HOME

Einigung im Steuerstreit: Ein gekaufter Sieg

Weg frei für das Steuersenkungspaket: In letzter Minute haben sich Bund und Länder auf die Kostenverteilung geeinigt. Doch was als Reformtat verkauft wird, ist nichts als ein banaler Stimmenkauf.

Ein Kommentar von Hans Peter Schütz

Das Werk, mit dem die schwarz-gelben Regierenden heute ihre politische Potenz im Bundesrat dokumentieren dürfen, ist von ganz besonderer Machart. Das sogenannte Konjunkturbeschleunigungsgesetz gehört zu jenen gesetzgeberischen Leistungen, die nur unter ganz spezifischen Bedingungen als Leistungsnachweis verkauft werden können: Indem man die dazu gehörenden Realitäten wegredet und die Wirklichkeit schönfärbt.

Ist die schwarz-gelbe Mehrheit in der Länderkammer denn nun erkauft worden von der Bundesregierung? Natürlich nicht, rufen Bund und Länder unisono. Sogar jener Ministerpräsident Carstensen, der beim Blick auf dieses Gesetz und dessen Folgen für sein Schleswig-Holstein einmal gebrüllt hat, "Ihr habt sie ja nicht alle", hebt jetzt im Bundesrat brav zustimmend die Hand. Ein gekauftes Ja? Natürlich nicht, redet er ebenso tapfer nach, wie es ihm Bundesfinanzminister Schäuble vorgesagt hat.

Schweigende CDU-Mehrheit hält nichts von dem Gesetz

So darf uns die neue bundespolitische Traumkonstellation ein Gesetz zumuten, von dem zumindest eine schweigende CDU-Mehrheit rundum nichts hält. Bundesweit ist unter den Wirtschafts- und Steuerexperten aller Institute keiner zu finden, der irgendwelche wirtschaftlichen Wachstumskräfte darin entdecken kann, dass Steuererleichterungen im Wert von 8,5 Milliarden Euro auf diesem Wege verstreut werden.

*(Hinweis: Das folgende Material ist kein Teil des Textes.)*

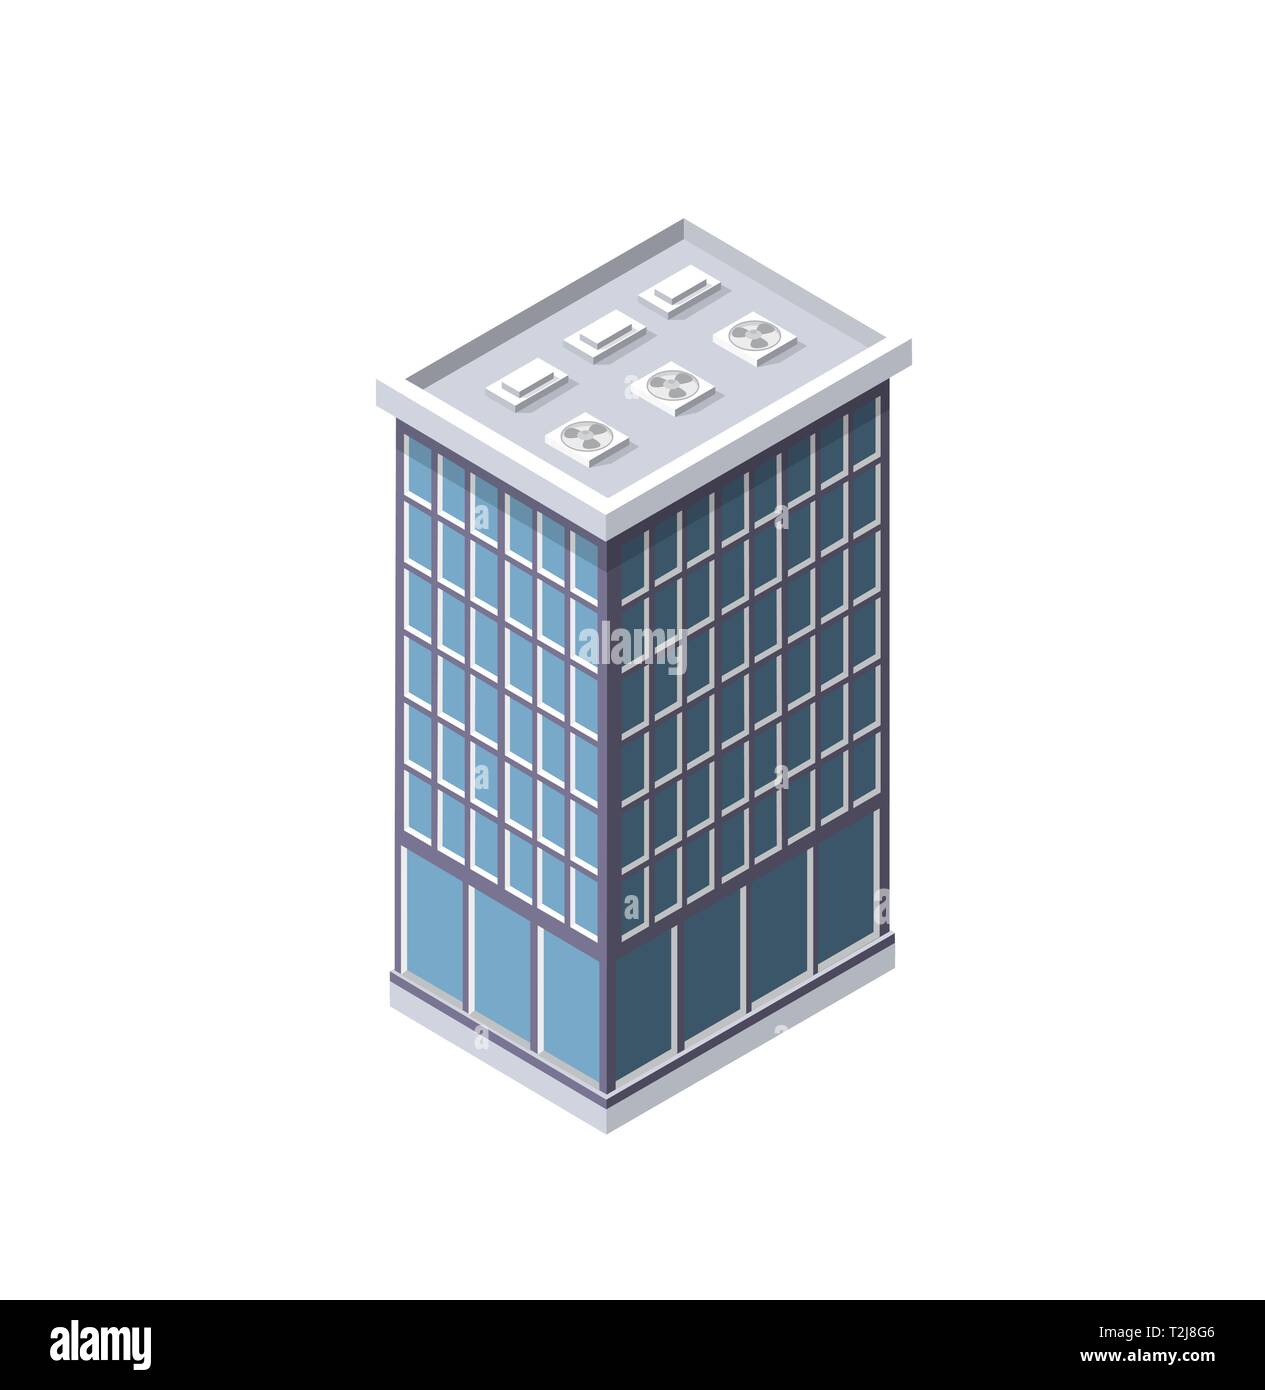 Die Intelligenz Gebäude Hochhaus Architektur ist eine Idee der Technologie Business Equipment Flat Style urban isometrische Darstellung Stock Vektor

Mit höherem Kindergeld und aufgepäppelten Kinderfreibeträgen sollen Eltern offenbar in einen Kaufrausch versetzt werden, der globale Rezession und Finanzkrise locker überwindet. Falls das nicht funktioniert, wird die schwarz-gelbe Wirtschaftspolitik vermutlich chinesische Finanzhaie dafür verantwortlich machen. Und wer nicht einsehen mag, wieso den deutschen Hoteliers eben mal schnell eine Milliarde Euro über die ermäßigte Mehrwertsteuer geschenkt wird, der hat immer noch nicht begriffen, dass diese Unternehmergruppe das Steuergeschenk unbedingt benötigt, um endlich über den Status von Hartz-IV-Empfängern hinaus zu kommen. Die Rendite können sie daher unmöglich in niedrigere Übernachtungspreise stecken.

Mit Taschenspielertricks als Reformtat verkauft

Doch was als grandioser schwarz-gelber Sieg wirtschaftlicher Wachstumsförderung verkauft wird, ist ein gekaufter Sieg. Gezahlt werden dafür muss von den Bürgern nicht schon ab Anfang des neuen Jahres. Aber unterm Strich einer korrekten Abrechnung dieses Wahlgeschenks von CSU und FDP steht eine zusätzliche Staatsverschuldung. Was jetzt als Steuerentlastung feilgeboten wird, dürfte spätestens ab Mitte nächsten Jahres (dann ist die Landtagswahl in NRW vorbei) in Form höherer Steuern und Gebühren wieder eingesammelt werden. Auf dem Weg zur Staatsentschuldung, wie sie neuerdings in der Verfassung steht, führt kein Weg daran vorbei. Denn bezahlt werden müssen dann auch noch die Länder, die jetzt doch zugestimmt haben. Weil die Kanzlerin ihnen etliche Milliarden mehr für die Finanzierung des Bildungssystems zugesagt hat. Weil sie ihnen konkrete Hoffnungen auf einen höheren Anteil am Umsatzsteueraufkommen gemacht hat. Und darüber hinaus gibt es noch einige weitere Versprechungen an die Länder, die weitere Millionen kosten werden.

Betrachtet man den schwarz-gelben Sieg im Bundesrat mit klarem Blick auf die damit verbundenen Realitäten und redet die gesetzgeberische Mauschelei nicht zum staatstragenden Akt schön, dann gibt es nur ein Urteil: Hier wurde ein Stimmenkauf vor der Bundestagswahl mit Taschenspielertricks als politische Reformtat verkauft.